→ Activity
All of these records need to be duplicated exactly.

→ Given entries
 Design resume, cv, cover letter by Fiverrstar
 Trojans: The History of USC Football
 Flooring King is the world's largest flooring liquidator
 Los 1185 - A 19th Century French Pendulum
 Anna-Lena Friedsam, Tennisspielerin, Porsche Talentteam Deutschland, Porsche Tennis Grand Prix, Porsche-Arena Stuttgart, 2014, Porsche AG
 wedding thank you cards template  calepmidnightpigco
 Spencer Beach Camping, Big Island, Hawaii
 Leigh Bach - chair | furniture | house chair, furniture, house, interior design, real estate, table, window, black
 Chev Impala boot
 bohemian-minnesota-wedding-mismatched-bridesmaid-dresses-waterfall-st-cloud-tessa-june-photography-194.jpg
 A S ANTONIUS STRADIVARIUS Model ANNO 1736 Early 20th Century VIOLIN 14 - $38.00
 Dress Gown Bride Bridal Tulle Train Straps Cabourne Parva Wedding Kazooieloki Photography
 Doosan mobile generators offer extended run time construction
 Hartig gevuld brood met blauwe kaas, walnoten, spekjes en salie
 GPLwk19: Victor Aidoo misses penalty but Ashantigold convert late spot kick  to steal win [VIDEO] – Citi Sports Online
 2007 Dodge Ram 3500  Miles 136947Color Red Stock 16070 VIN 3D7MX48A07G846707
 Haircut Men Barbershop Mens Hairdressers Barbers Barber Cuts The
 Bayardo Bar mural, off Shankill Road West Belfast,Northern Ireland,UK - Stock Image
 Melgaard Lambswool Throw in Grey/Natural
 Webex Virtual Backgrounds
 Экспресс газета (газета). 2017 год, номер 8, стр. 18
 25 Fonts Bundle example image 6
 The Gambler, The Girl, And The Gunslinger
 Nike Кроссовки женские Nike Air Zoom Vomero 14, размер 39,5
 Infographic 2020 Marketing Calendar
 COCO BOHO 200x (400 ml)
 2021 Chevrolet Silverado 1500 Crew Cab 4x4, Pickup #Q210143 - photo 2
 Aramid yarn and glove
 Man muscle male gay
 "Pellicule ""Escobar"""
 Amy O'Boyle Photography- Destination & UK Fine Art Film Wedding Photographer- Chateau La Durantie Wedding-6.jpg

→ Output for this exercise
 Design resume, cv, cover letter by Fiverrstar
 Trojans: The History of USC Football
 Flooring King is the world's largest flooring liquidator
 Los 1185 - A 19th Century French Pendulum
 Anna-Lena Friedsam, Tennisspielerin, Porsche Talentteam Deutschland, Porsche Tennis Grand Prix, Porsche-Arena Stuttgart, 2014, Porsche AG
 wedding thank you cards template  calepmidnightpigco
 Spencer Beach Camping, Big Island, Hawaii
 Leigh Bach - chair | furniture | house chair, furniture, house, interior design, real estate, table, window, black
 Chev Impala boot
 bohemian-minnesota-wedding-mismatched-bridesmaid-dresses-waterfall-st-cloud-tessa-june-photography-194.jpg
 A S ANTONIUS STRADIVARIUS Model ANNO 1736 Early 20th Century VIOLIN 14 - $38.00
 Dress Gown Bride Bridal Tulle Train Straps Cabourne Parva Wedding Kazooieloki Photography
 Doosan mobile generators offer extended run time construction
 Hartig gevuld brood met blauwe kaas, walnoten, spekjes en salie
 GPLwk19: Victor Aidoo misses penalty but Ashantigold convert late spot kick  to steal win [VIDEO] – Citi Sports Online
 2007 Dodge Ram 3500  Miles 136947Color Red Stock 16070 VIN 3D7MX48A07G846707
 Haircut Men Barbershop Mens Hairdressers Barbers Barber Cuts The
 Bayardo Bar mural, off Shankill Road West Belfast,Northern Ireland,UK - Stock Image
 Melgaard Lambswool Throw in Grey/Natural
 Webex Virtual Backgrounds
 Экспресс газета (газета). 2017 год, номер 8, стр. 18
 25 Fonts Bundle example image 6
 The Gambler, The Girl, And The Gunslinger
 Nike Кроссовки женские Nike Air Zoom Vomero 14, размер 39,5
 Infographic 2020 Marketing Calendar
 COCO BOHO 200x (400 ml)
 2021 Chevrolet Silverado 1500 Crew Cab 4x4, Pickup #Q210143 - photo 2
 Aramid yarn and glove
 Man muscle male gay
 "Pellicule ""Escobar"""
 Amy O'Boyle Photography- Destination & UK Fine Art Film Wedding Photographer- Chateau La Durantie Wedding-6.jpg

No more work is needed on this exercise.